In the Irish Examiner, Harry McGee and Fionnán Sheahan called it Fianna Fáil’s worst electoral performance since the 1920s. Obviously, De Paper couldn’t foresee 2011.

These days, I would agree with pretty much nothing John Waters has to say, but in the wake of the referendum, his column in the Irish Times was, I think, the finest thing he has ever written.

“There will be many collateral consequences from Friday’s vote, not all of them bad,” he wrote.

“One is that we can reasonably expect not to have to hear any more preaching from Michael McDowell about pluralism and inclusiveness.

“Another is that the Catholic clergy must delve into its collective imagination in search of new material for Christmas sermons, the standard lecture about the wickedness of the innkeeper who turned away the Holy Family having been rendered redundant by the disgraceful fence-sitting of the Catholic hierarchy in this campaign.

“A third is that Ireland can hope never again to become poor and have to send its children out into the world in search of livelihoods and opportunities.

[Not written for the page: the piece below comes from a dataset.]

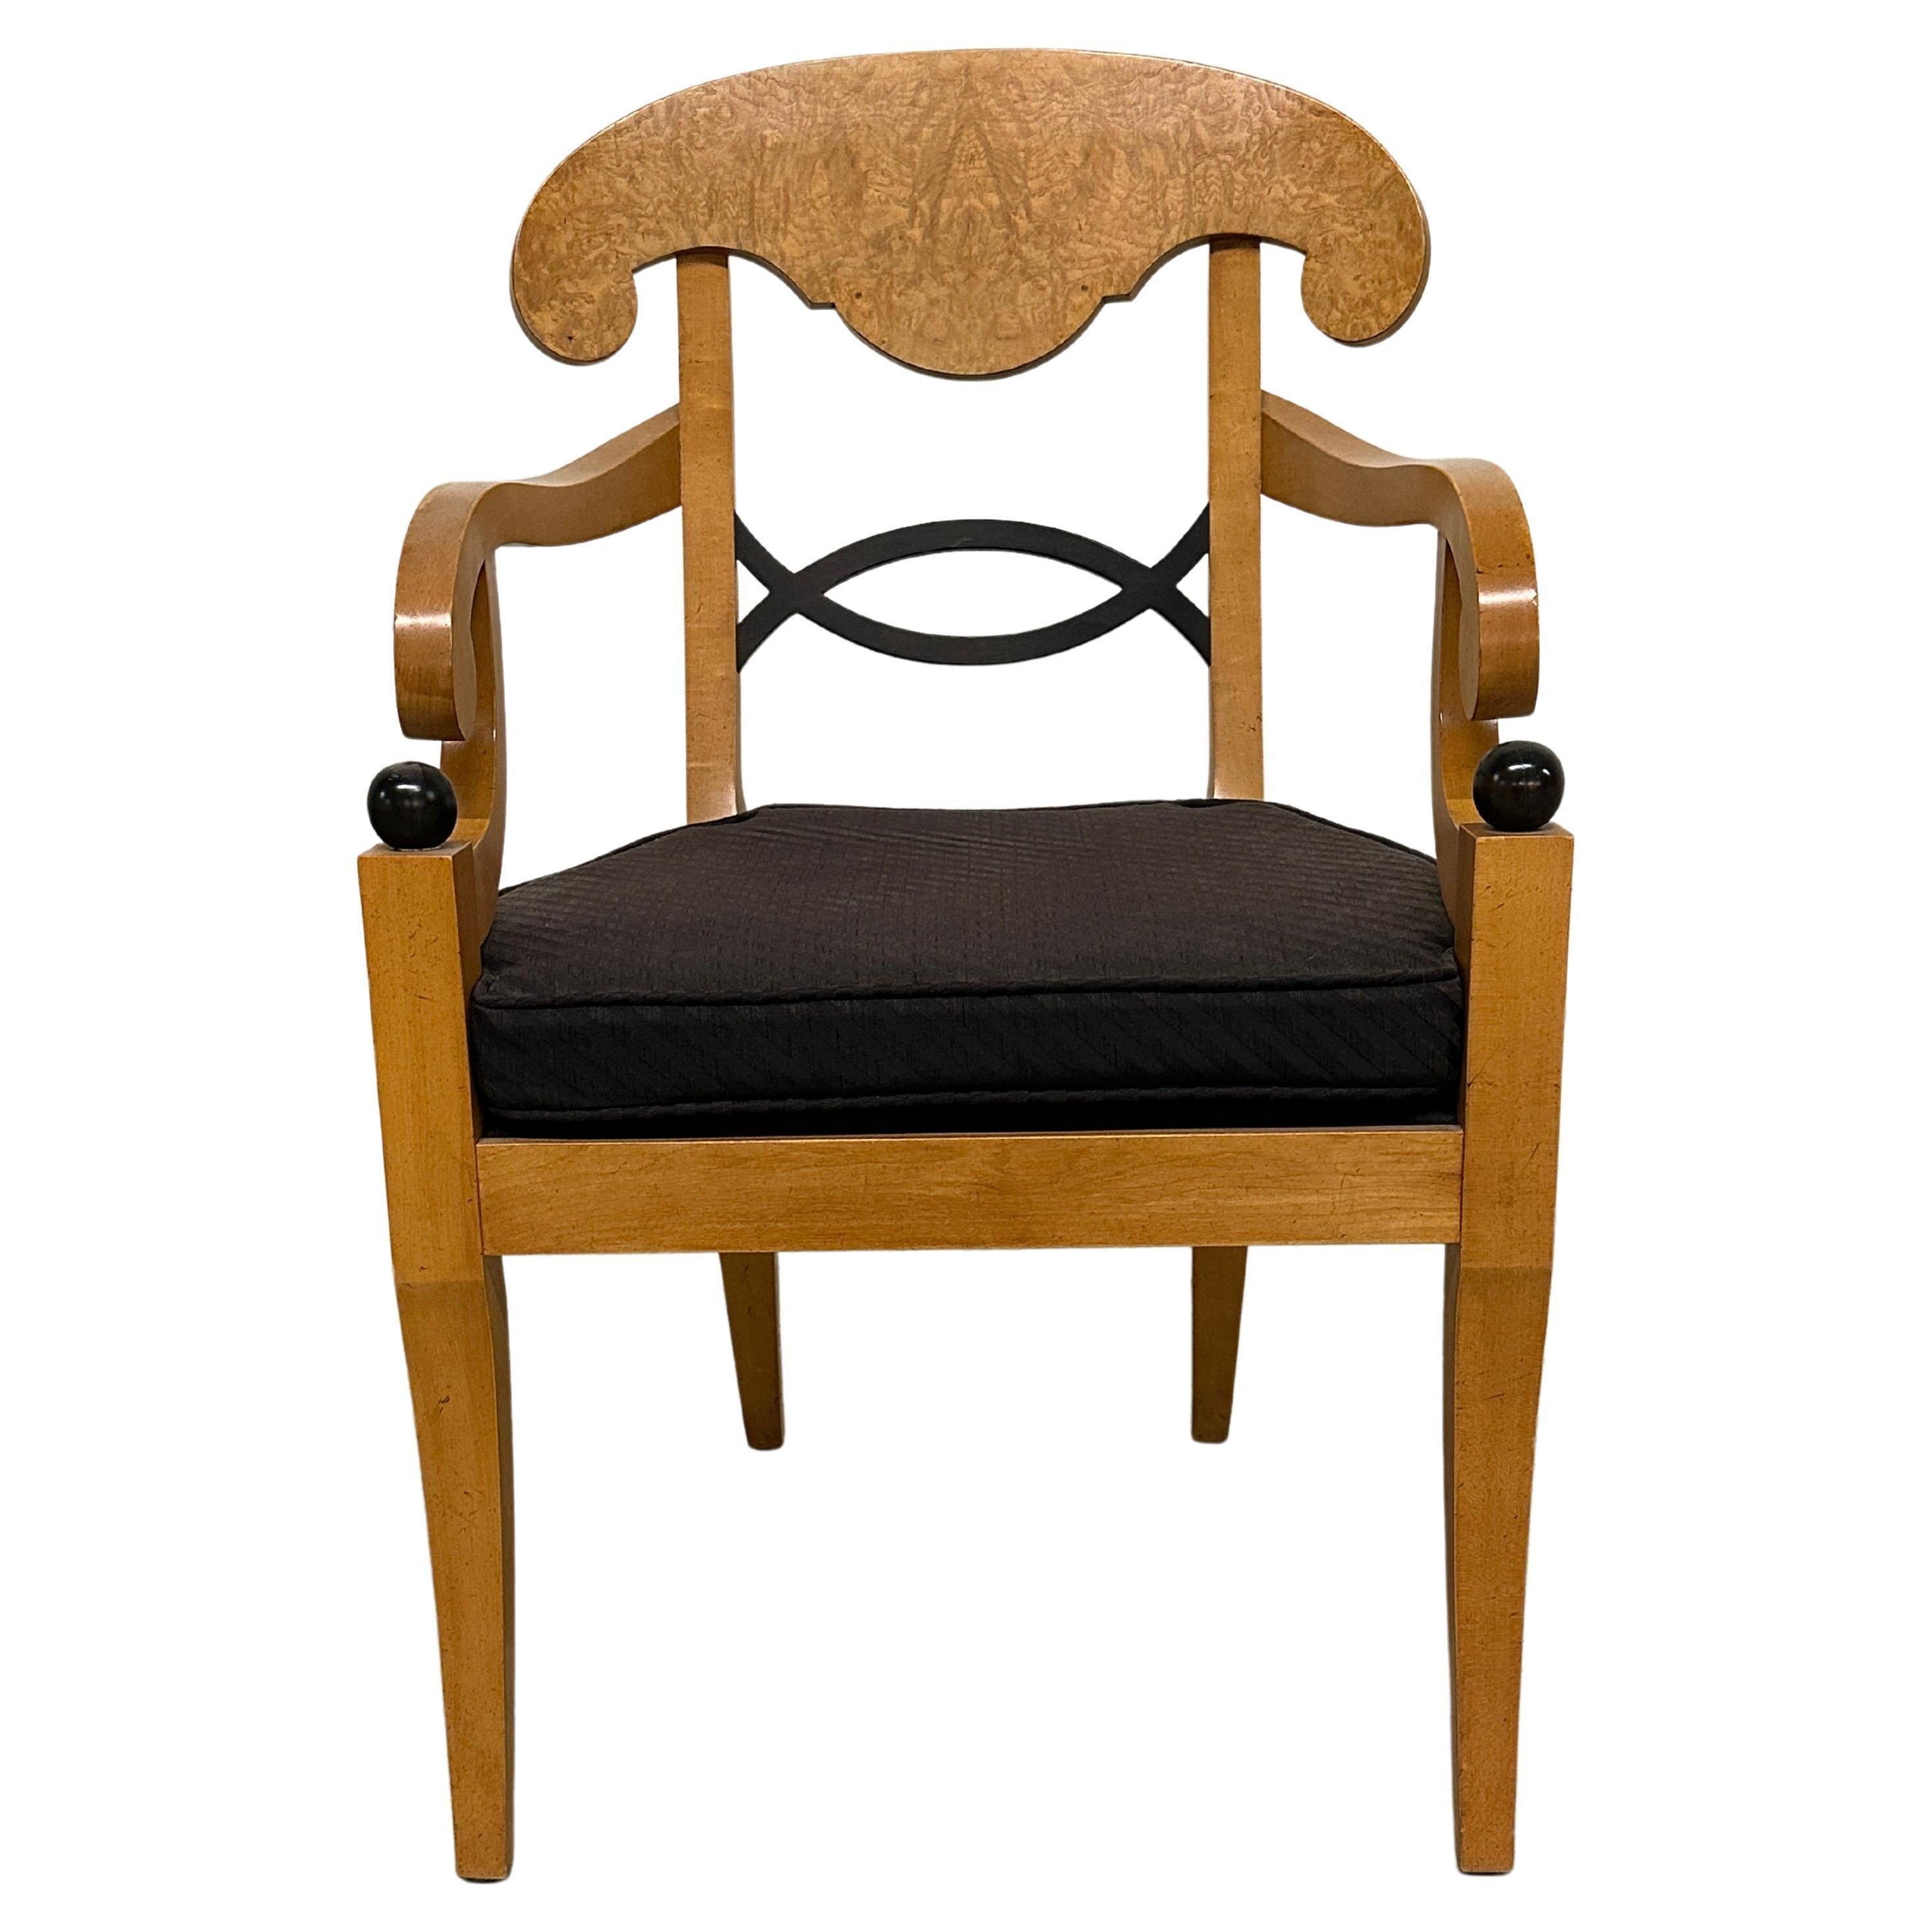 biedermeier chairs baker furniture

“Certainly, we have provided ourselves with a massive incentive to ensure such a fate never again befalls us. For now we have established a benchmark for the way we can expect our children to be treated if it does.”

Follow that, you might say, and I can’t, except to say there you go, folks, there you have the 27th Amendment.

There you have the reason Eric Zhi Ying Xue, and God knows how many other children (but of course not a fraction of the number we were told were being brought here for 'birth tourism') live their whole young lives in Ireland, and speak with Irish accents, and have Irish friends, and Irish dreams, and consider themselves Irish.

But they’re not Irish, these kids with Irish accents. They can be deported with their parents, overnight, these Irish kids with Irish accents, because they are not Irish.

They’re not Irish, these Irish children with Irish accents; they are not Irish because we decided consciously, back in 2004, that the Ireland of a hundred thousand welcomes crock of gold is a crock of something else entirely.